What this task involves - Below are the records to transcribe exactly; do not include any images.

-- Task material follows --

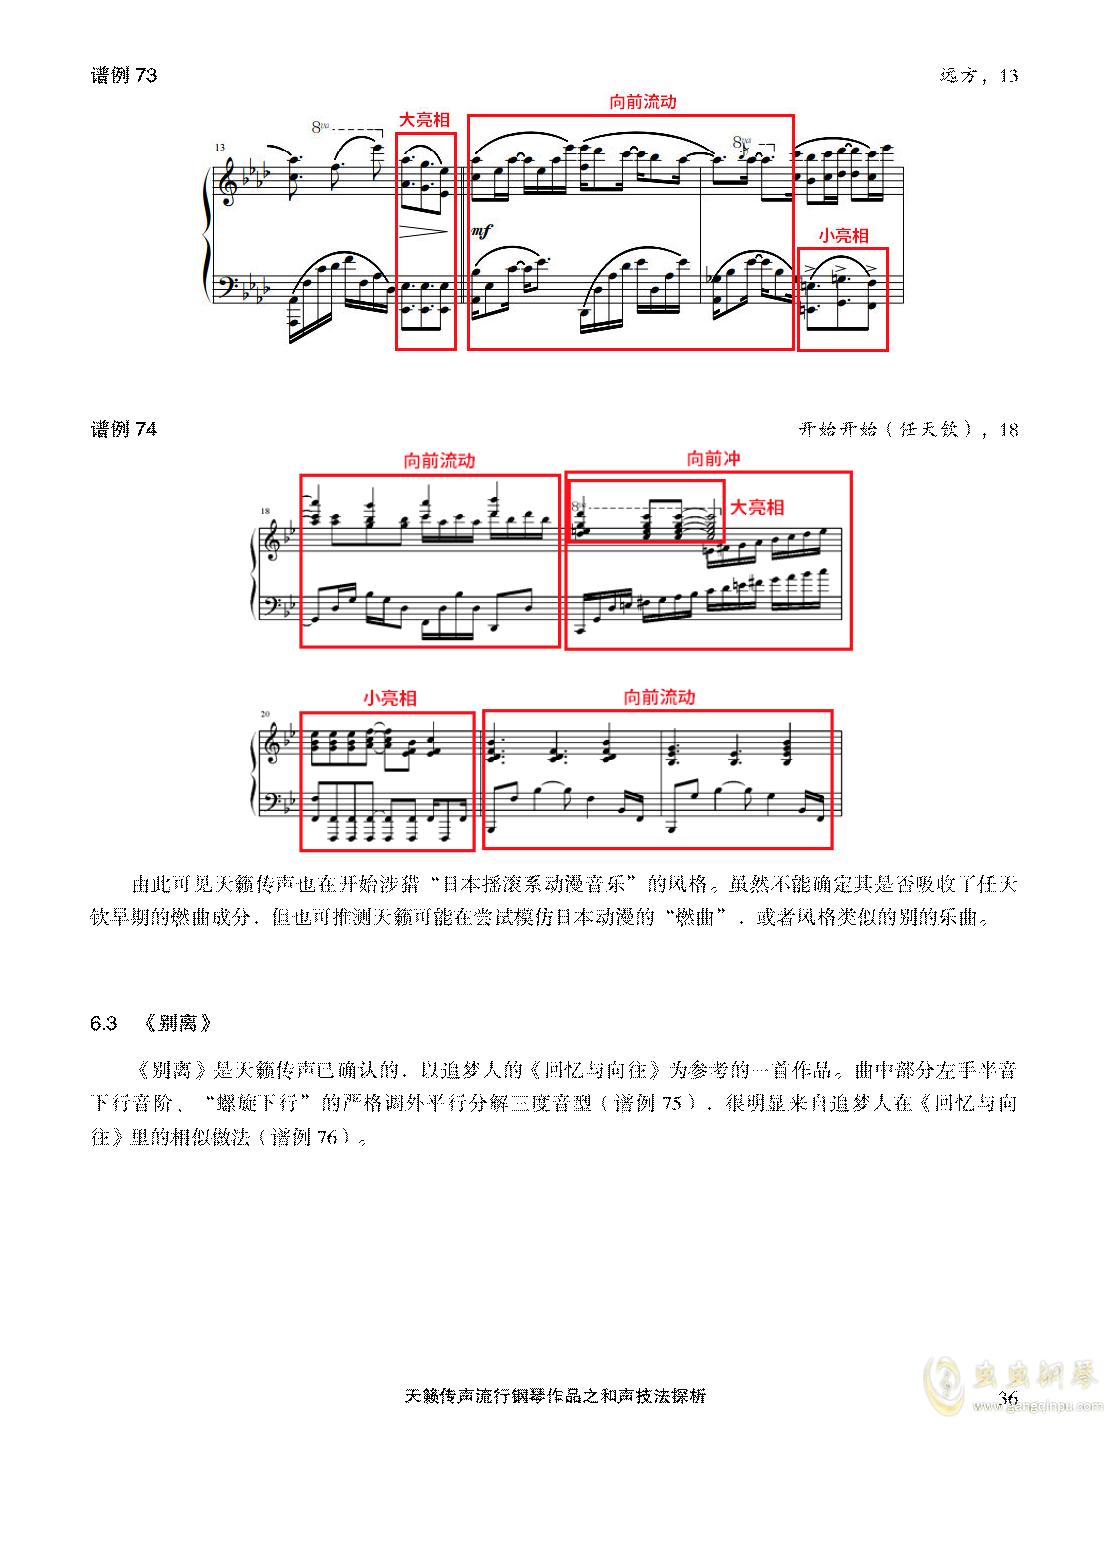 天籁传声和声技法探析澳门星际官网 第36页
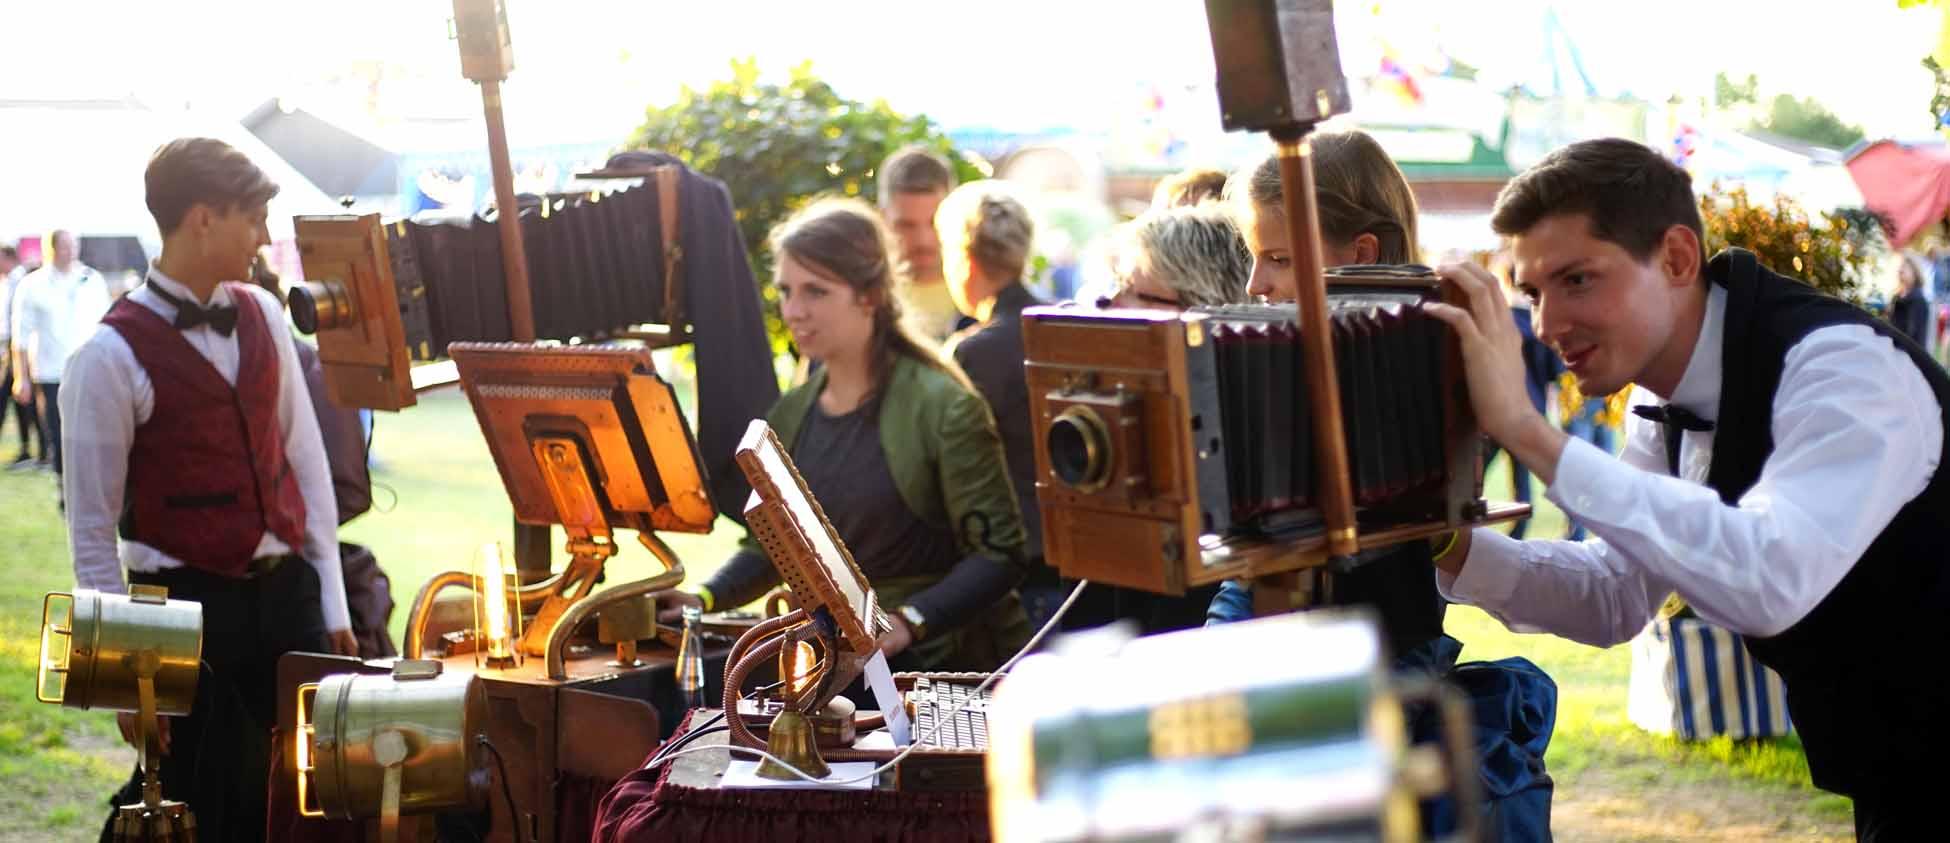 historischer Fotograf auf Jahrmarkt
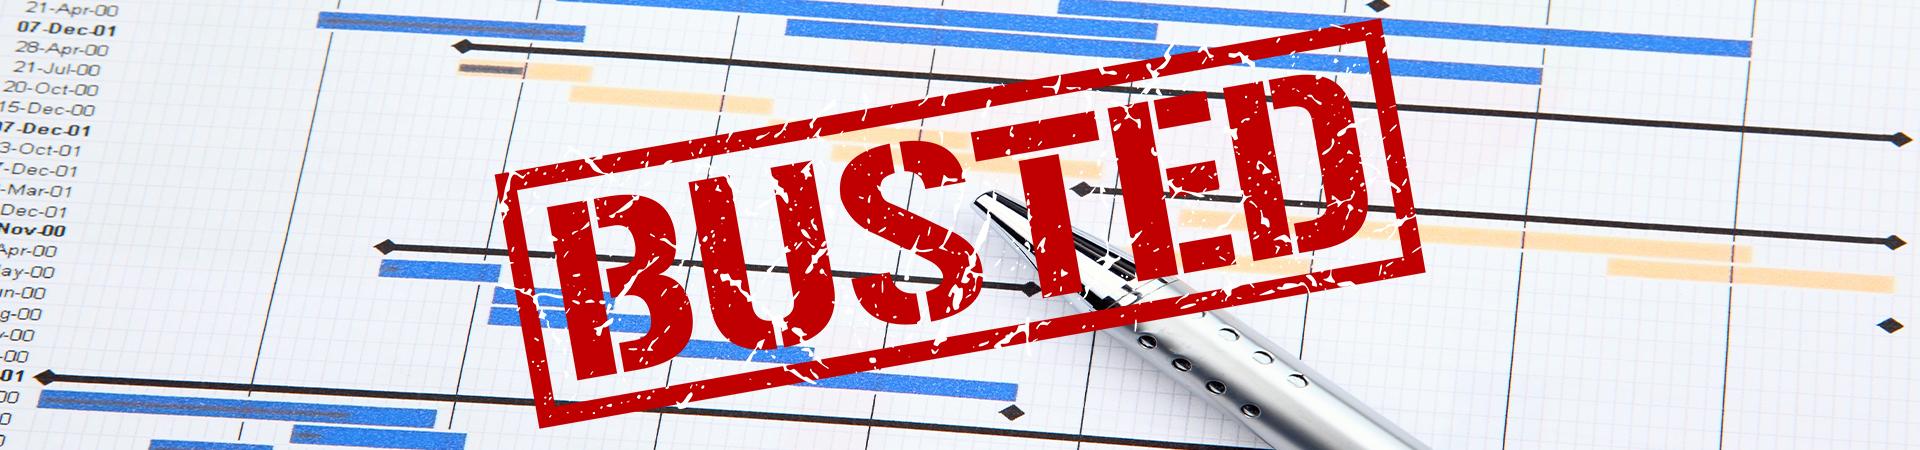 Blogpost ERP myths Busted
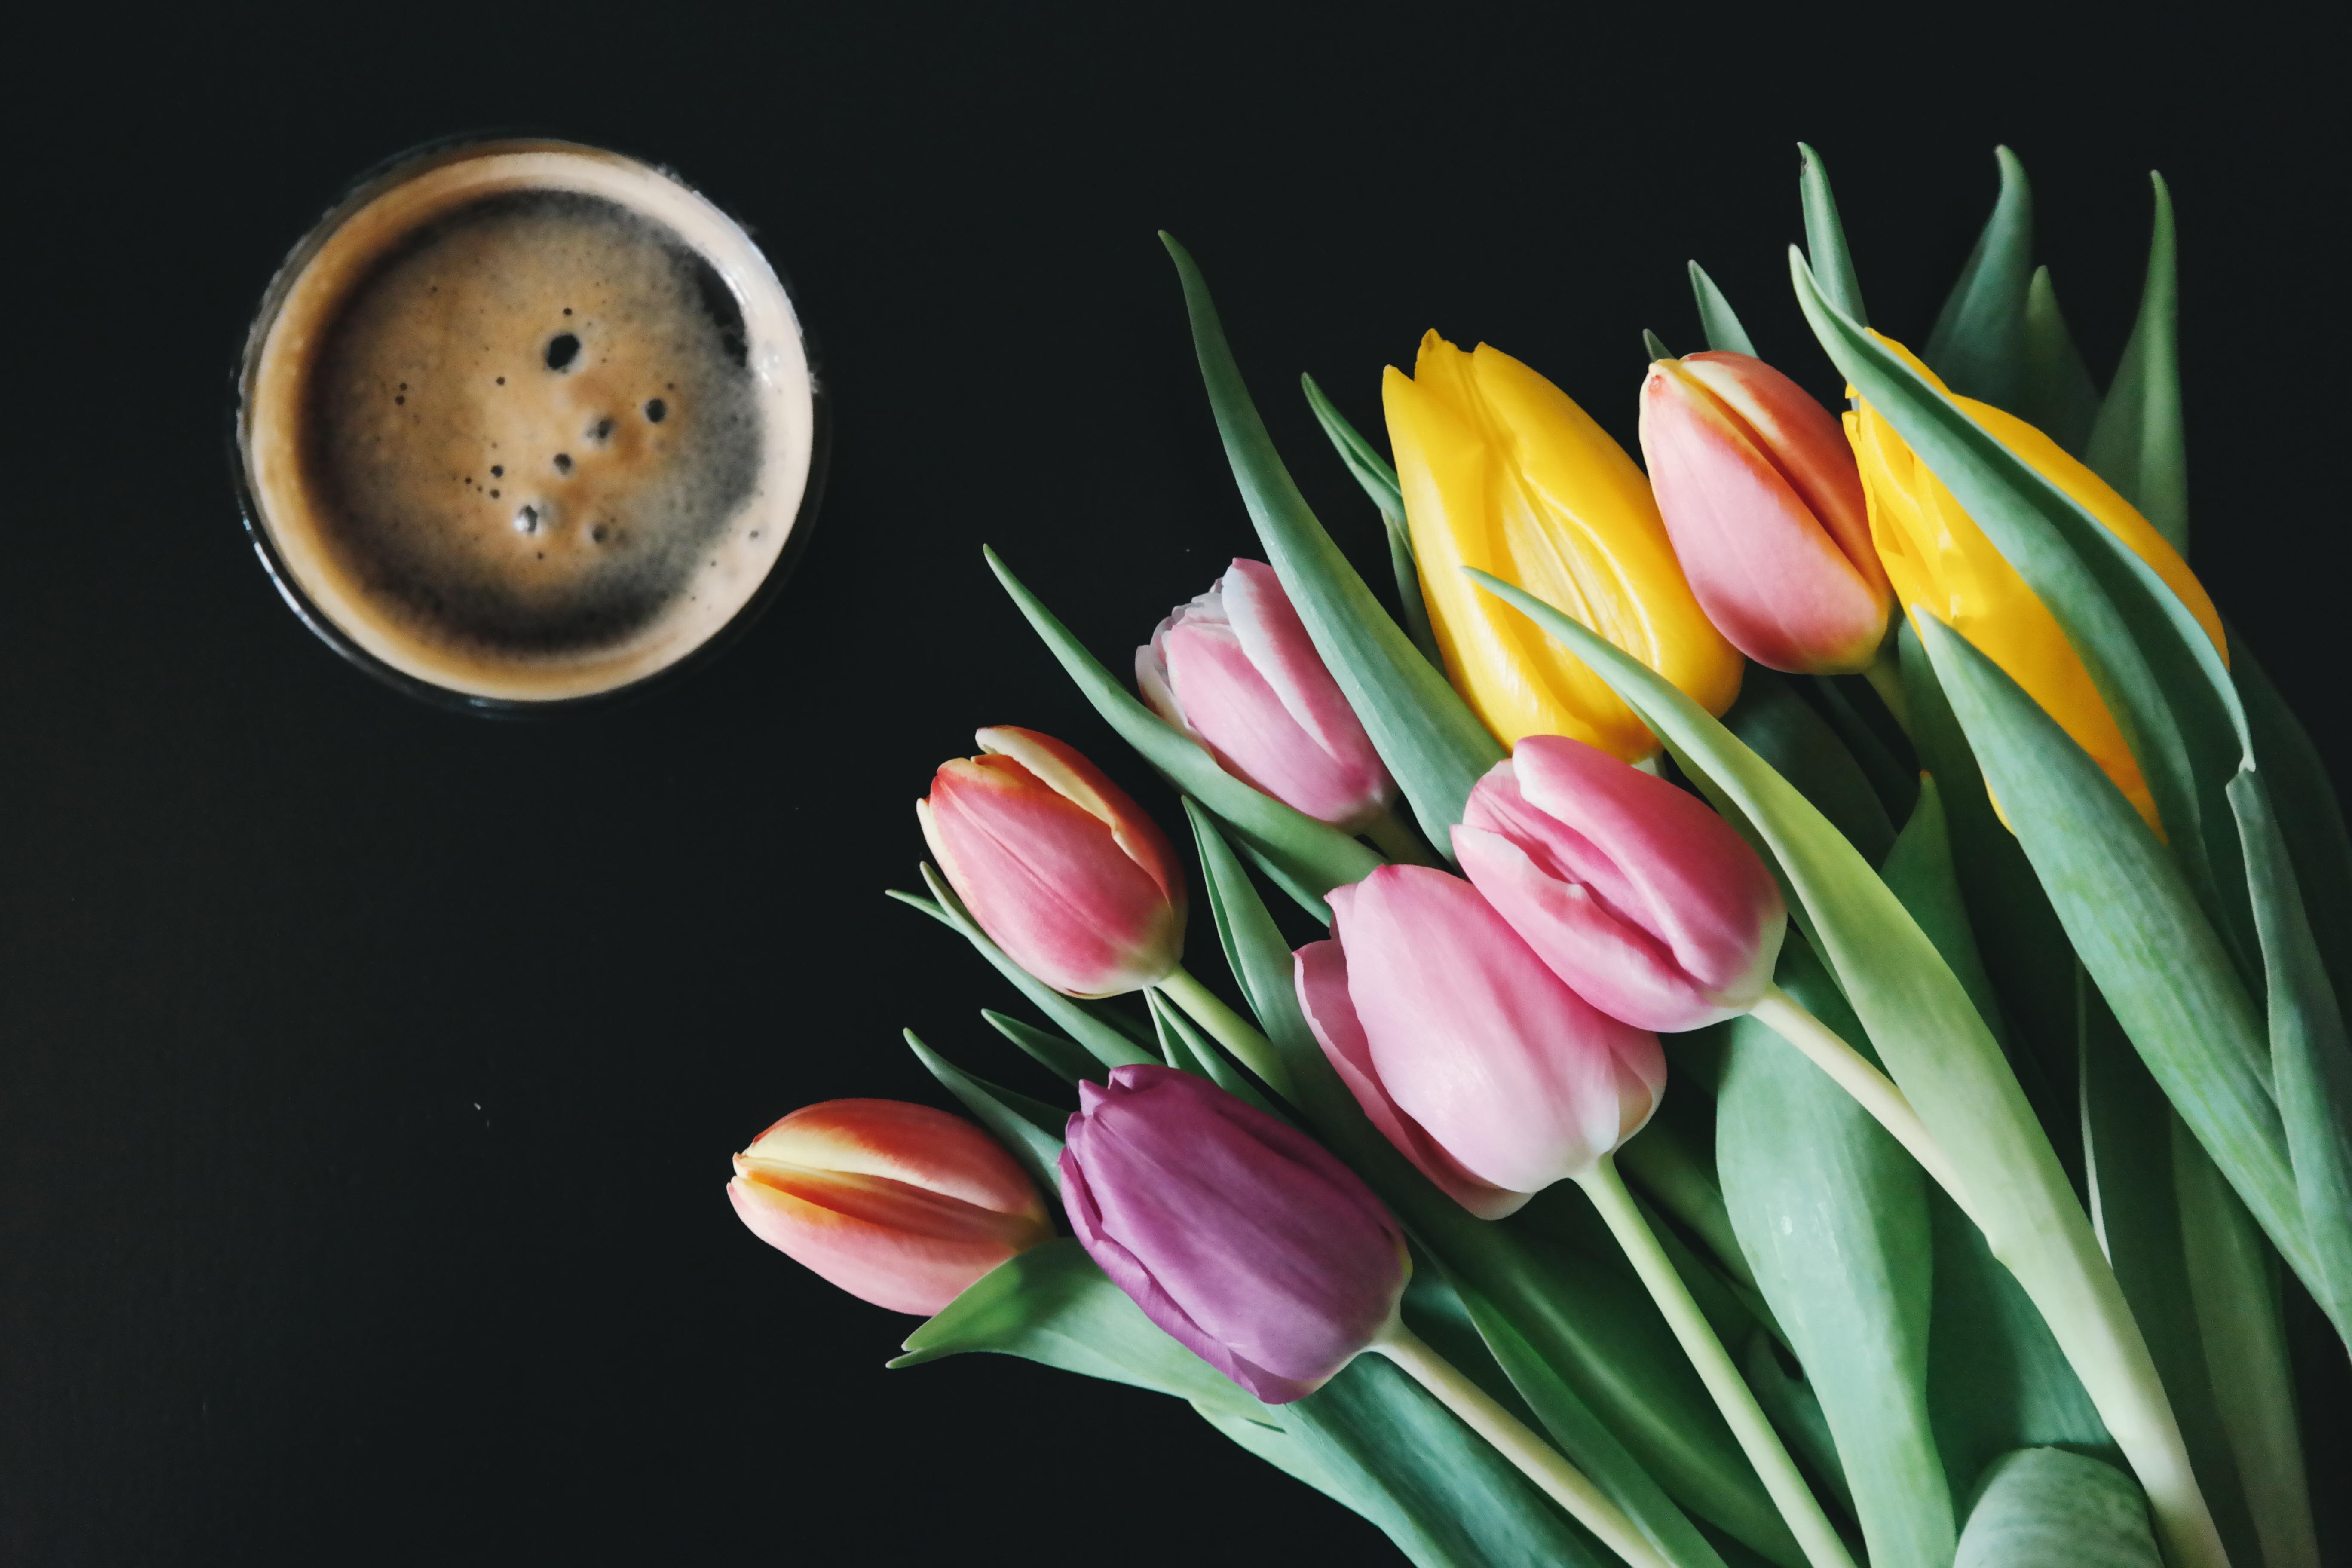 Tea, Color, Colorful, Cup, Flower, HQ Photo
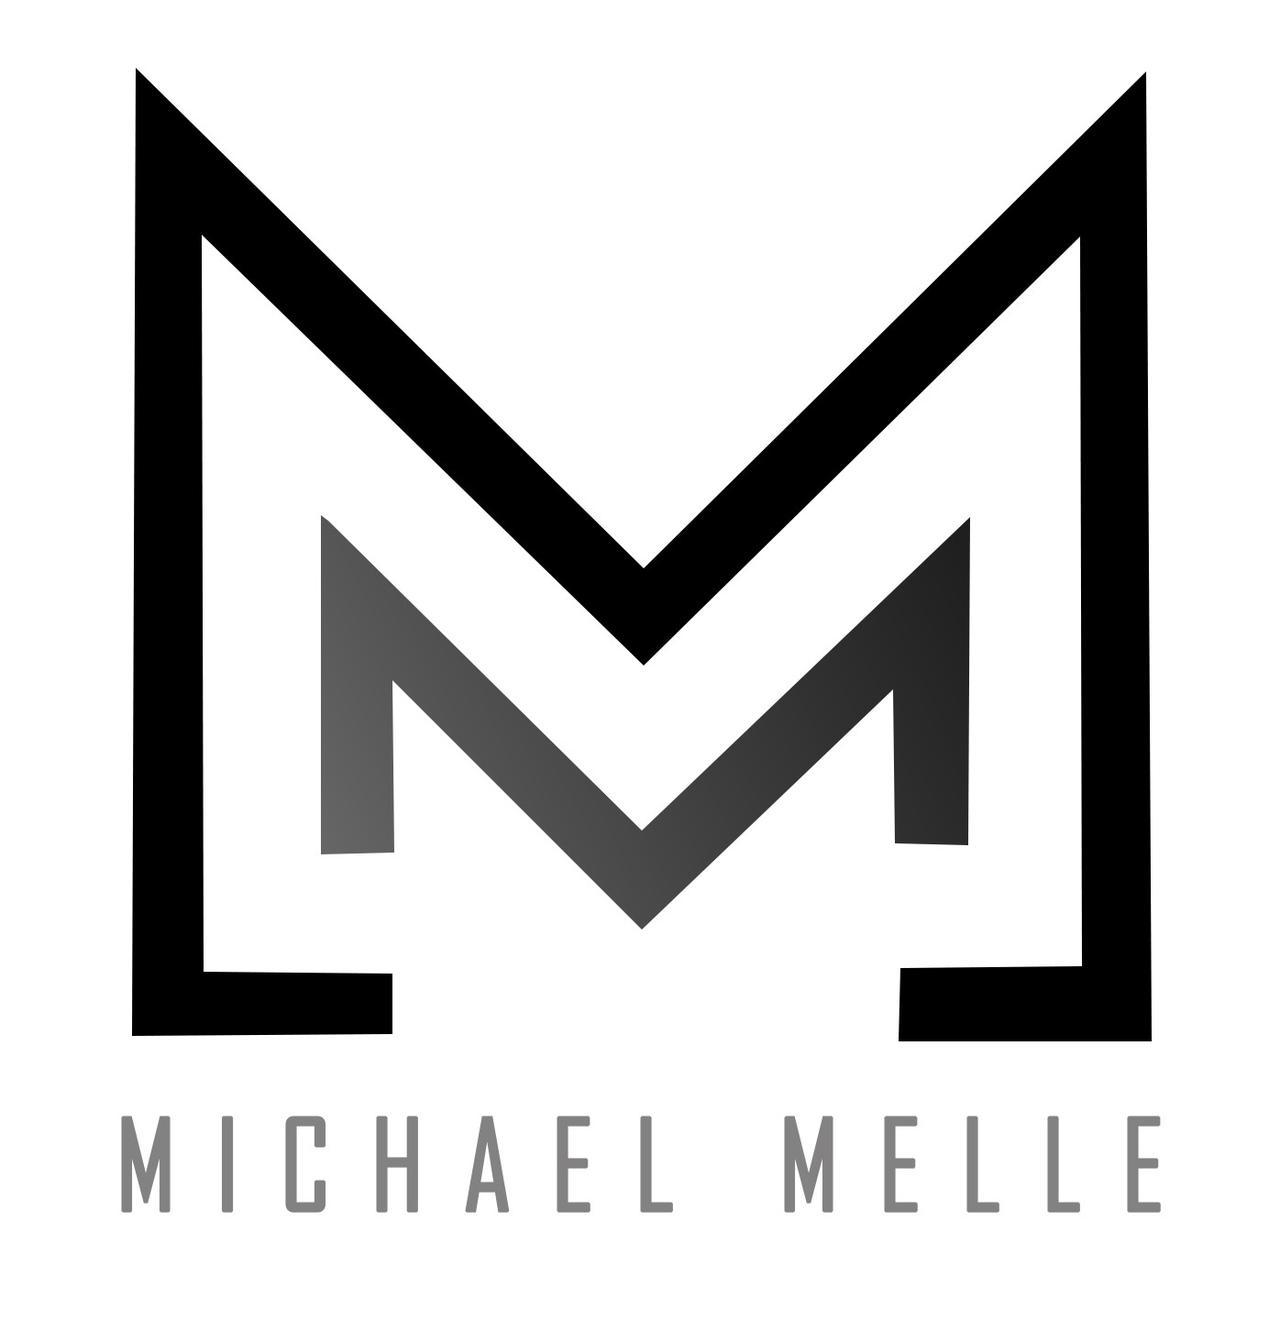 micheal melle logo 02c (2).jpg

-- Task material concluded --

Solution to this task -
 天籁传声和声技法探析澳门星际官网 第36页
 historischer Fotograf auf Jahrmarkt
 Blogpost ERP myths Busted
 Tea, Color, Colorful, Cup, Flower, HQ Photo
 micheal melle logo 02c (2).jpg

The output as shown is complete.